Bhakti Tirtha Swami revealed his own realization on the subject: “Since I had this cancer, in the last few months, I have affected people’s lives in such a way that I could never have been able to do if I lived for another 30 years. Therefore, this disease is a blessing of God because I am not living to live, I am living to serve. And in this condition, I am doing the greatest service quantitatively and qualitatively, that I could have ever done, if I lived a long life. Therefore I will not change my position for anyone else in the world because of the service I am allowed to render.” Bhakti Tirtha Swami’s incredible positive attitude during the testing time of death is a result of his cultivating the consciousness of being a transition person his whole life.

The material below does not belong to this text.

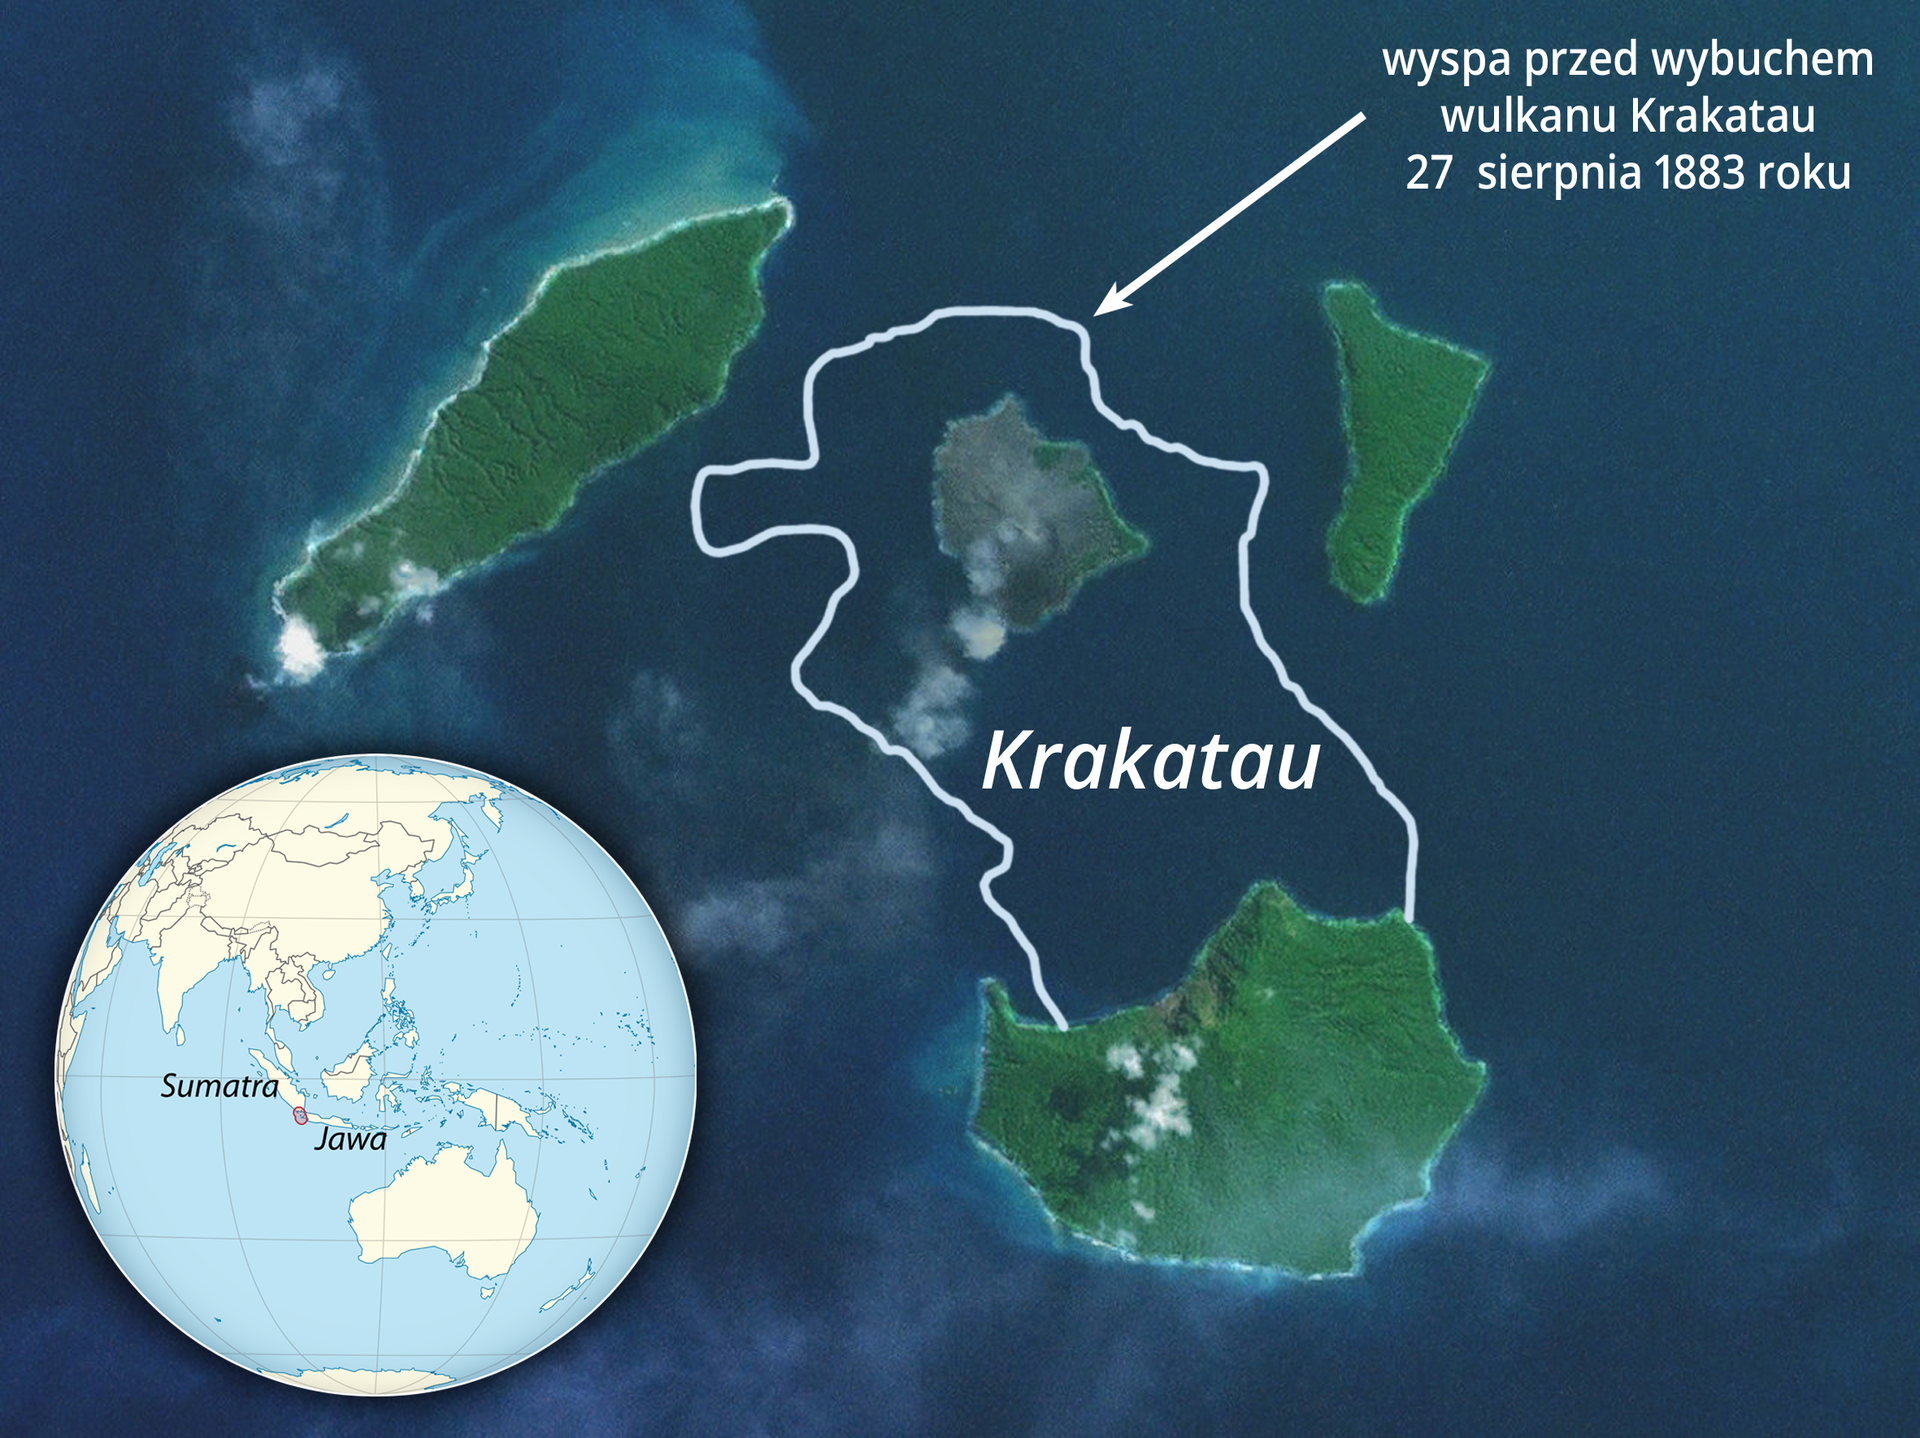 Zdjęcie satelitarne. Ciemnogranatowe morze. Kilka wysp porośniętych roślinnością. Biały kontur obejmujący dwie odległe wyspy. To kształt wyspy przed wybuchem wulkanu Krakatau. W lewym dolnym rogu miniatura globu z zaznaczoną lokalizacją sfotografowanego miejsca – Sumatra, Jawa.

As Bhakti Tirtha Swami breathed his last one little child was crying uncontrollably and rolling on the ground. His father and other elders worried about him, and asked, “Son, what’s wrong?” The grief stricken boy lamented, “Bhakti Tirtha Swami was my best friend. No one played with me like he did. Who will play with me now? Now I have no one to play with.” This was Bhakti Tirtha Swami, a friend of everyone. To the children he was their favourite playmate, to his friends and colleagues, their best friend and to his students, the most loving guide. He could adapt to any situation to conquer people’s hearts and fill them with God’s love. His departure is a great loss to the world but also a lesson in being a transition person.